Foreign companies acquiring stake in a listed Indian firm from a group entity, which are "inter-se transfer" of shares, are exempted from making an open offer to the existing shareholders, according to Sebi.
The Securities and Exchange Board of India (Sebi) has made this observation in response to clarifications sought by Styrolution ABS (India) with regard to proposed transfer of 75 per cent stake by its UK-based promoter entity to a group firm in Singapore.
Generally, open offers are triggered when an entity acquires 25 per cent stake in a listed company. The market regulator has also provisions for exempting entities from making the open offer in certain cases.
Under Sebi norms, acquisition of a company's shares by way of an inter-se transfer amongst the holding company entities or its subsidiaries.
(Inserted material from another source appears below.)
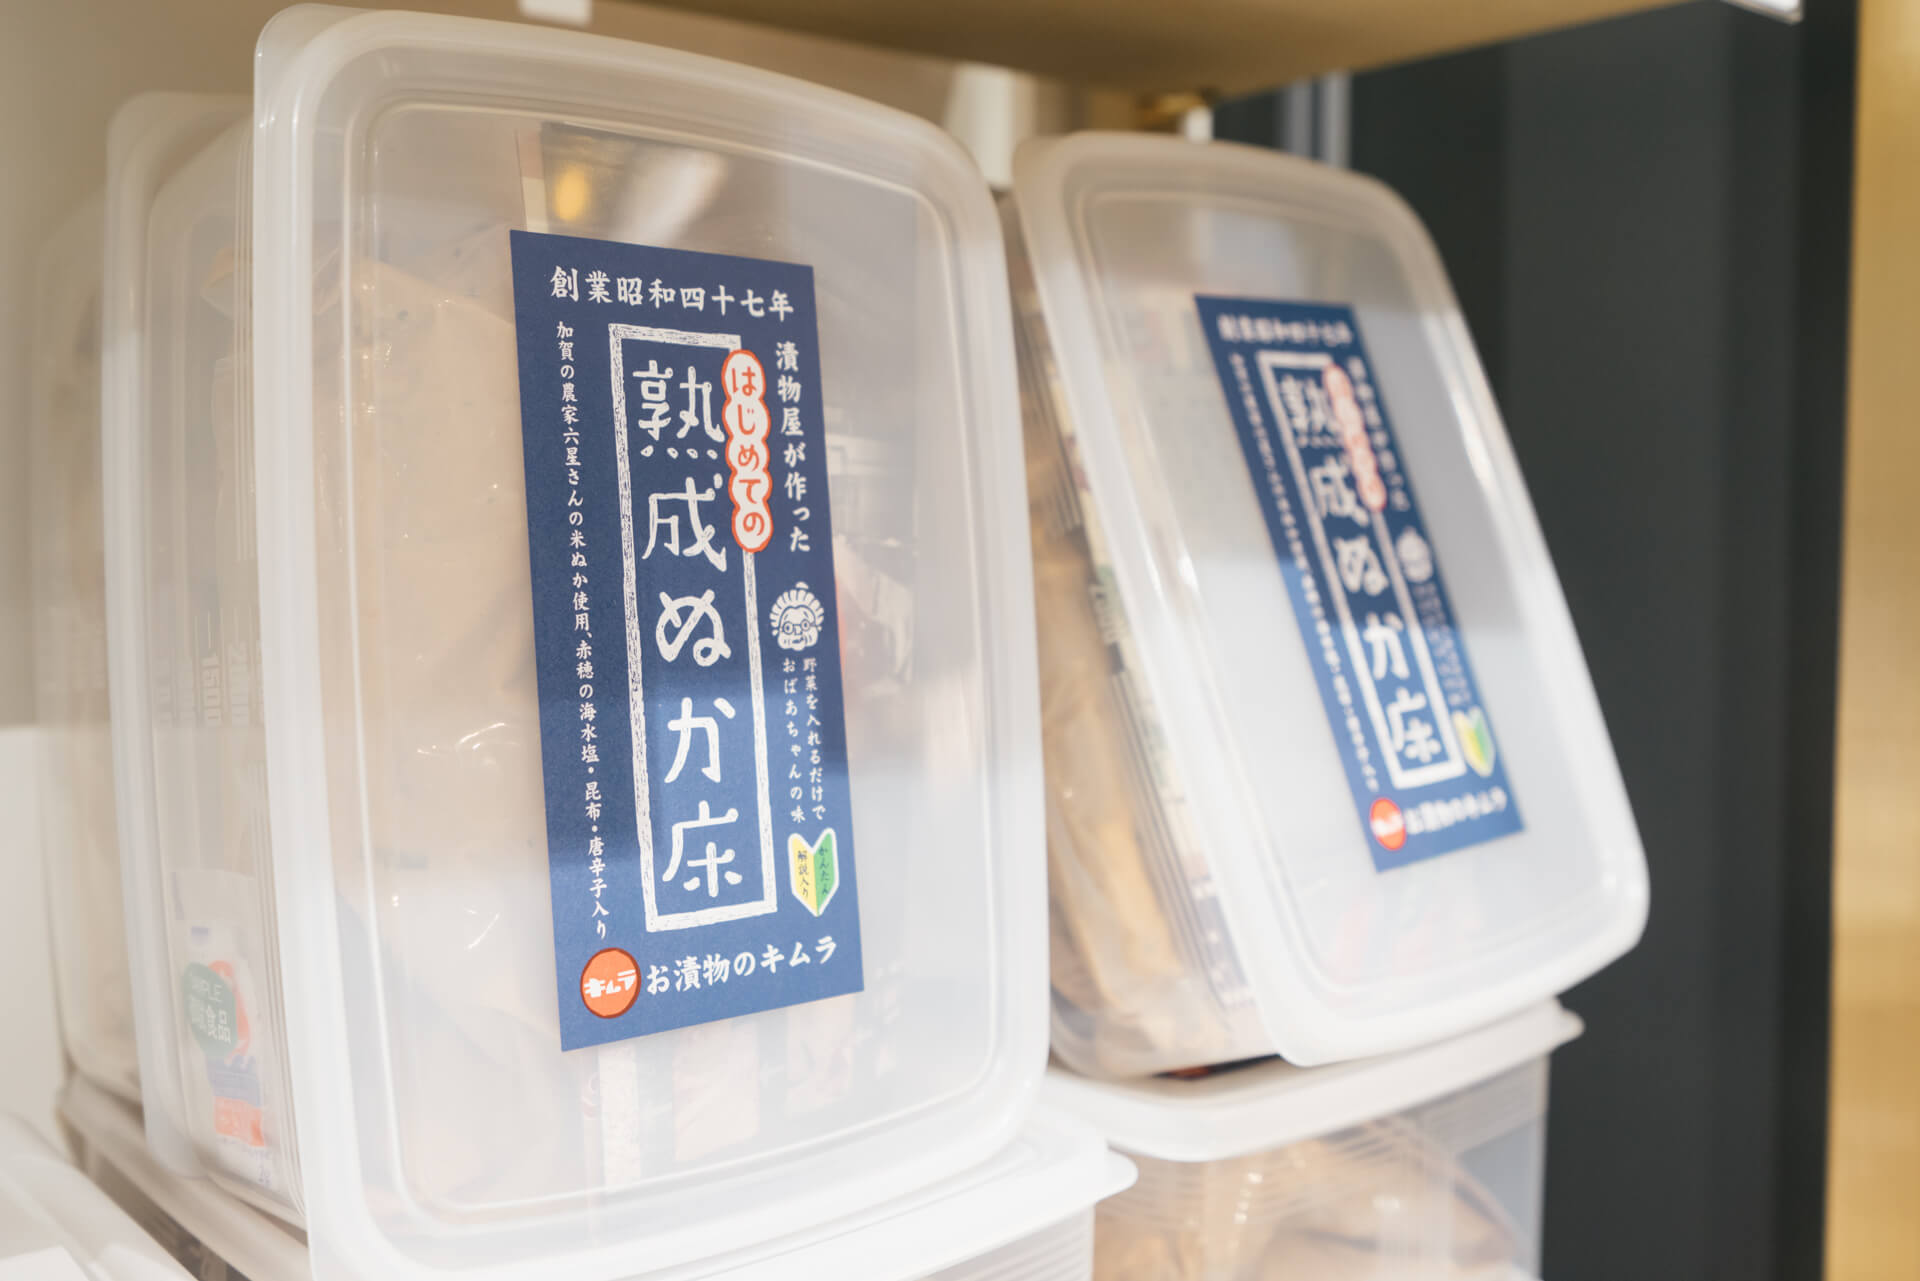 お家でぬか床を始めたい、という方には、宮崎の漬物屋さんが作る「熟成ぬか床」が人気。通常、半年ほどかかる菌を育てる行程がいらず、すぐ始めることができるそうです。

The market regulator has said these exemptions would also apply to inter-se transfer of shares among companies that are registered outside India.
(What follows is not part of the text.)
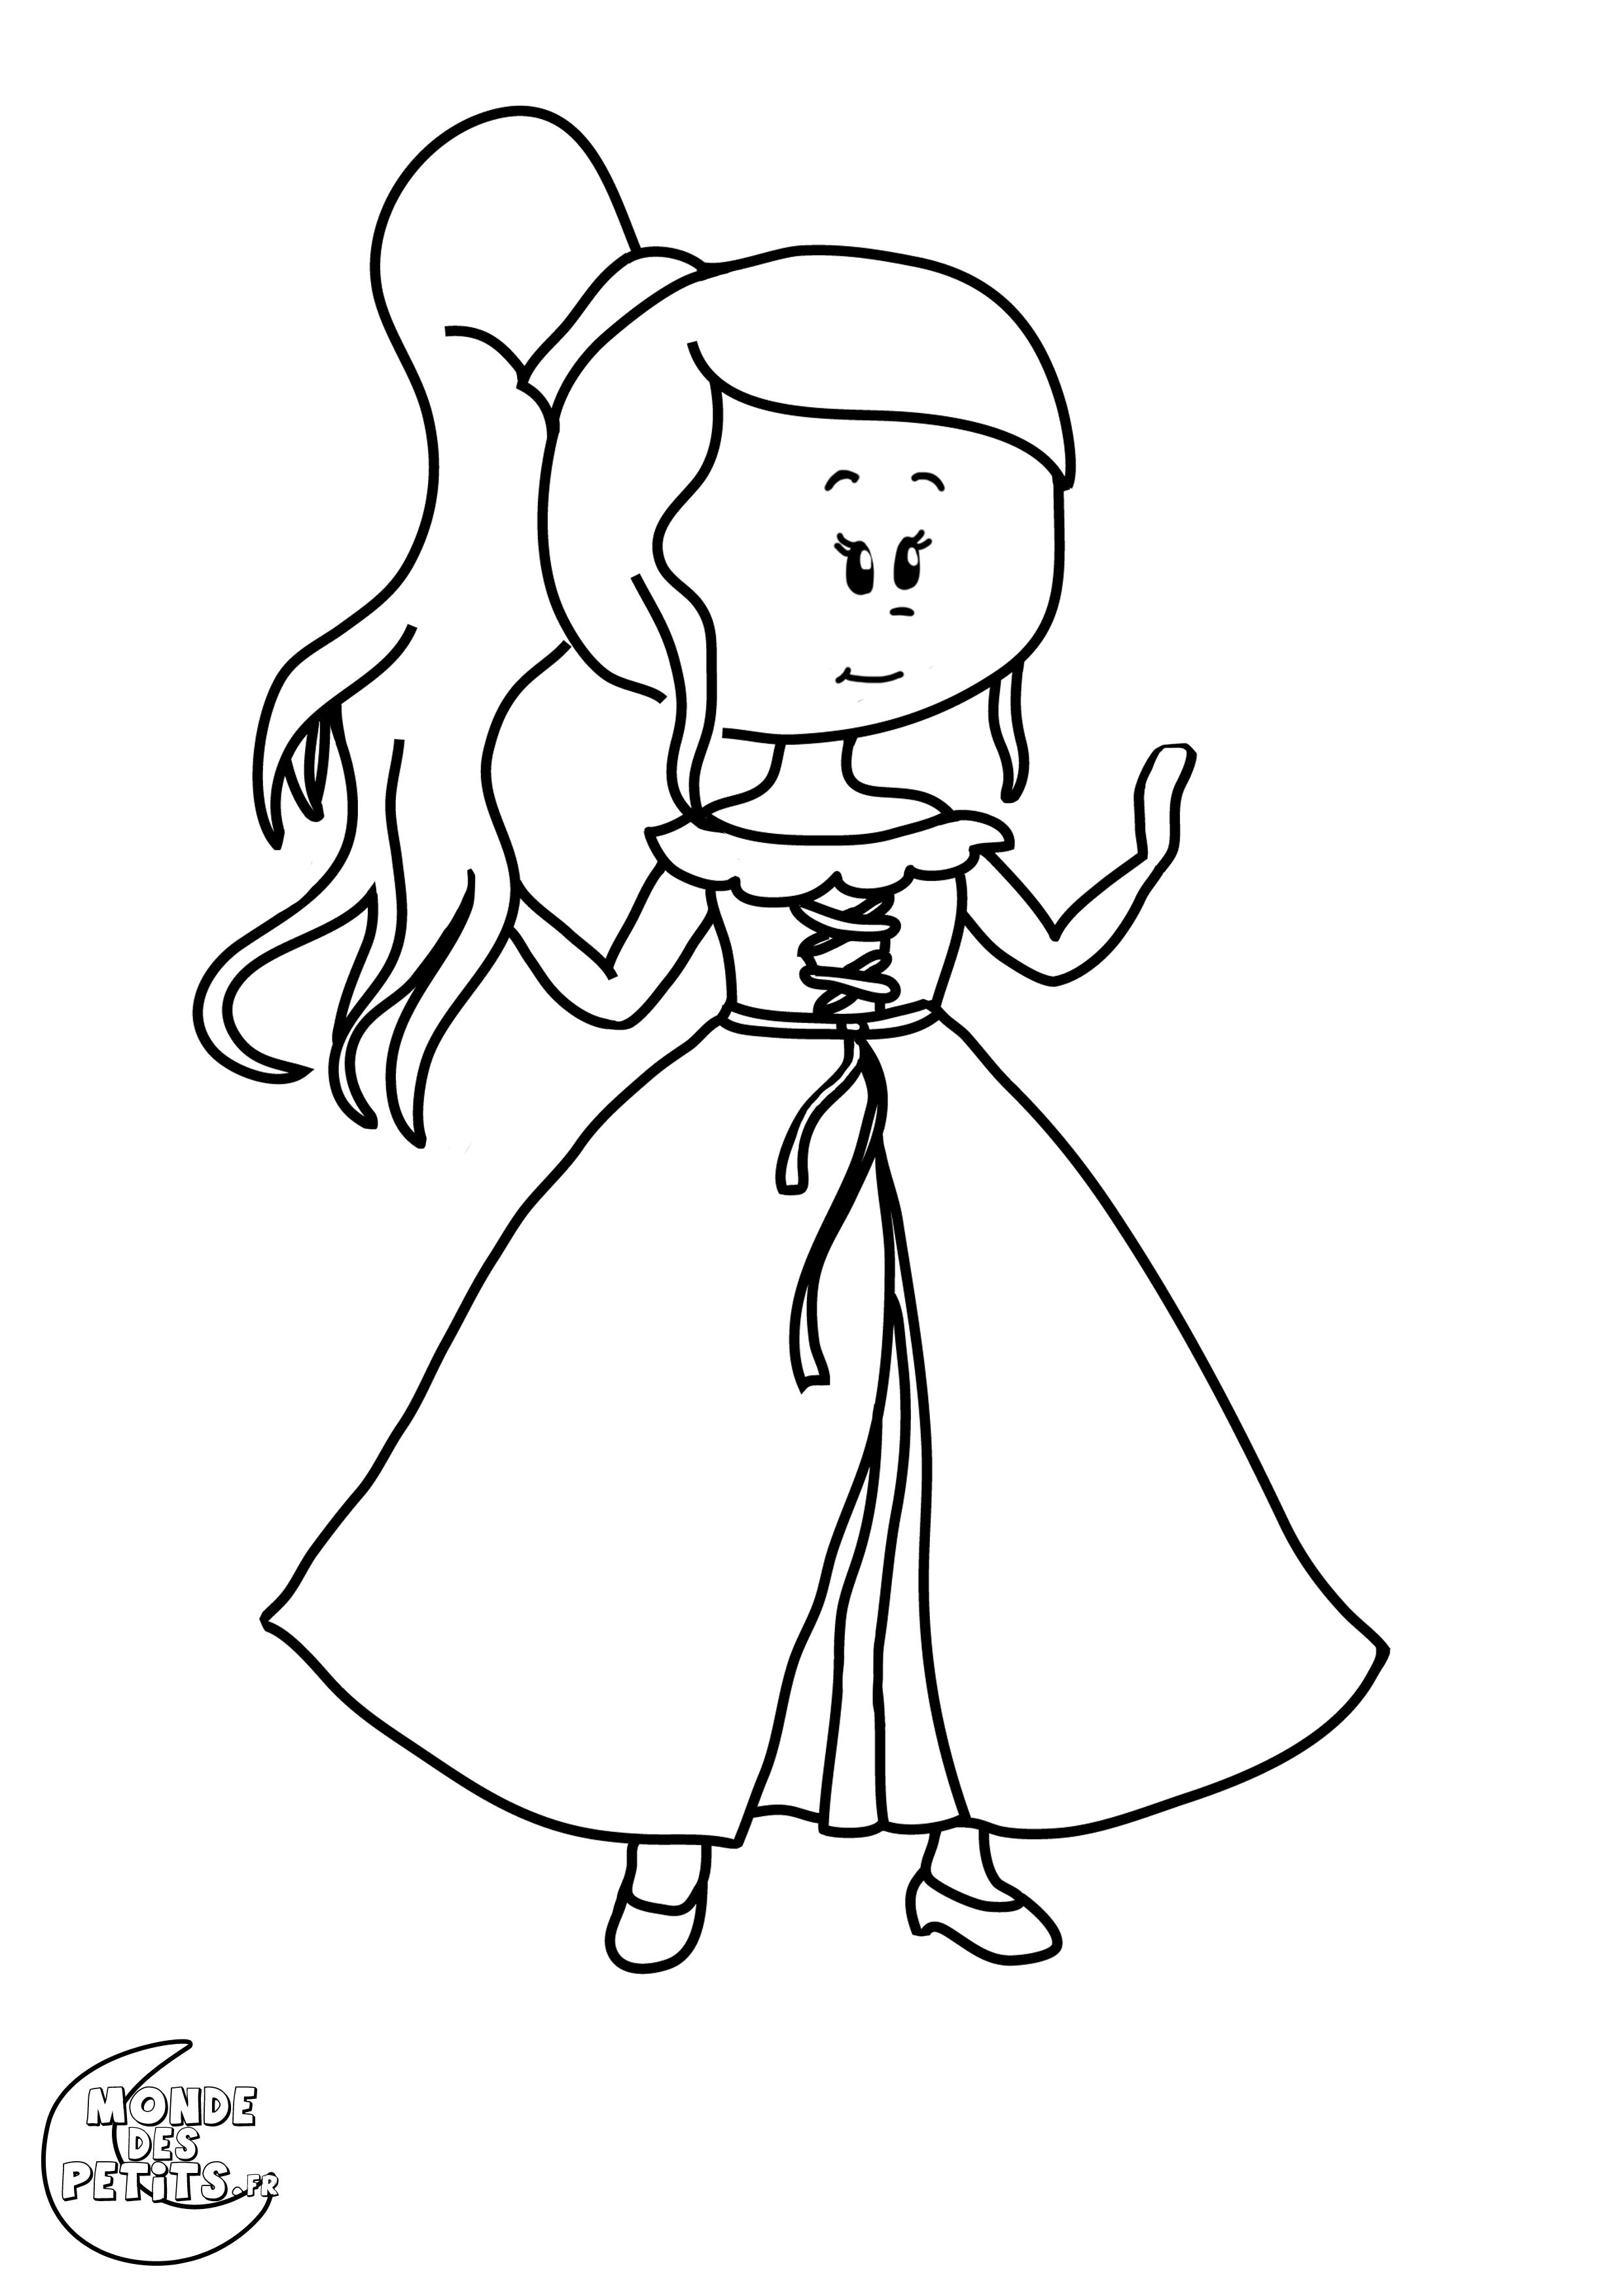 Monde des petits coloriages imprimer - Princesse dessin facile ...

Styrolution ABS (India), which is part of Styrolution Group GmbH Germany, had sought clarity regarding open offer rules if 75 per cent of its stake held by UK-based Styrolution Jersey is acquired by another Singapore group company.
"Styrolution Singapore and Styrolution Jersey are both wholly owned subsidiaries of the same holding company (Styrolution Group) and the acquisition is a result of inter-se transfer of entire equity interest from one of its subsidiary to the other," Sebi said in an interpretative letter released today.
"Hence the said acquisition will fall within the general exemption provided under regulation...," it added.
Styrolution ABS (India) said that post the transaction it will continue to be part of the Styrolution Group.
The proposed transaction will help in optimising regional management and achieving synergies across the operation of the Styrolution group in the Asia-Pacific region, it added.